An Australian fast bowler whose career was abruptly ended by a controversial throwing call, forever linking him to cricket's great dramas.
Ian Meckiff's cricket story is one of thrilling pace, historic moments, and sudden, crushing controversy. The left-arm quick burst onto the Test scene in the late 1950s, his slinging action generating disconcerting speed. He played a central, if unintended, role in creating legend in 1960: as the batsman run out in a frantic final play, he was the last man dismissed in the first-ever Tied Test against the West Indies. Just three years later, his career imploded in a single, seismic over. During the 1963-64 series against South Africa, umpire Col Egar called him for throwing four times in one over, effectively branding him a 'chucker' and forcing his immediate retirement. This public execution was the climax of a long-simmering media panic about illegal actions. Meckiff left the game not with a slow decline, but with a stark, defining verdict that continues to spark debate about technique, fairness, and the pressures of sporting scrutiny.
1928–1945
Born between the Depression and the end of WWII. Too young to fight, old enough to remember. They became the conformist middle managers of the 1950s — and the civil rights leaders who quietly dismantled Jim Crow.
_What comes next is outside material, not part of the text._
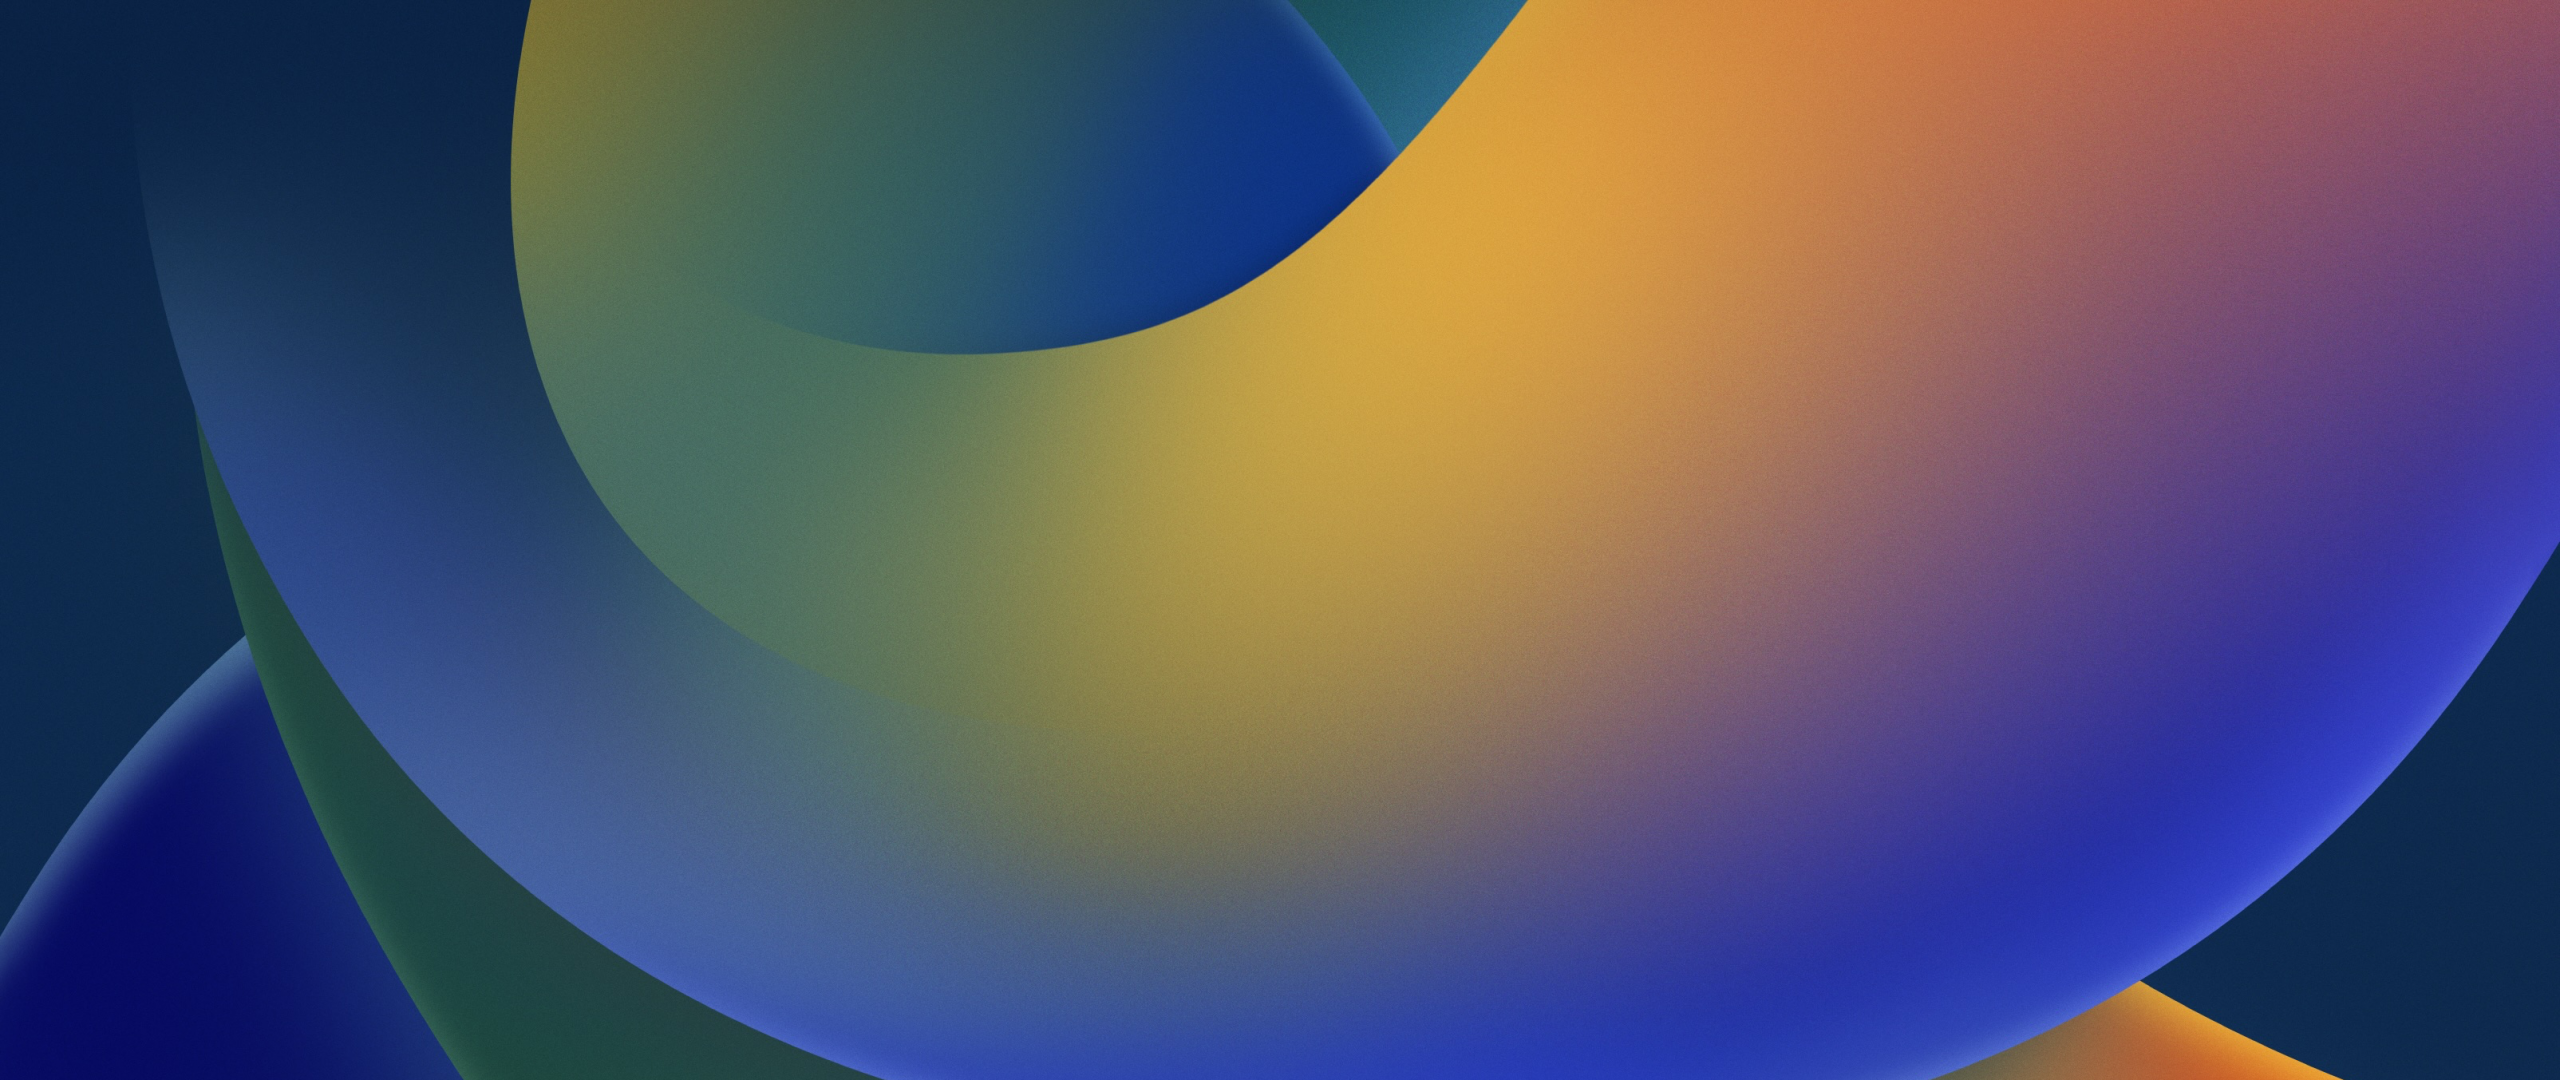 Tải xuống hình nền iOS 16 Wallpaper 4K với độ phân giải tuyệt vời. Với màu sắc sống động, đường nét chính xác cùng với phong cách độc đáo, các hình nền iOS 16 Wallpaper 4K sẽ làm cho chiếc điện thoại của bạn trở nên nổi bật và thể hiện đẳng cấp của bạn.

Ian was born in 1935, placing them squarely in The Silent Generation. The events that shaped this generation — world wars, depression, and rapid industrialization — shaped the world they entered and the choices available to them.
The biggest hits of 1935
#1 Movie
Mutiny on the Bounty
Best Picture
Mutiny on the Bounty
The world at every milestone
Social Security Act signed into law
The Blitz: Germany bombs London
Israel declares independence; Berlin Blockade begins
First color TV broadcast in the US
DNA structure discovered by Watson and Crick
Elvis Presley appears on The Ed Sullivan Show
US sends combat troops to Vietnam
Fall of Saigon ends the Vietnam War
Live Aid concerts raise money for Ethiopian famine
Oklahoma City bombing; Windows 95 released
Hurricane Katrina devastates New Orleans; YouTube launches
Paris climate agreement; same-sex marriage legalized in the US
He was a talented Australian rules football player in his youth, playing for the Victorian Football Association.
After cricket, he had a successful career in radio broadcasting and public relations.
The ball from the final, tie-inducing run-out in the 1960 Test is displayed at the Melbourne Cricket Ground Museum.
“I bowled fast and straight, and the rest was for the umpires to decide.”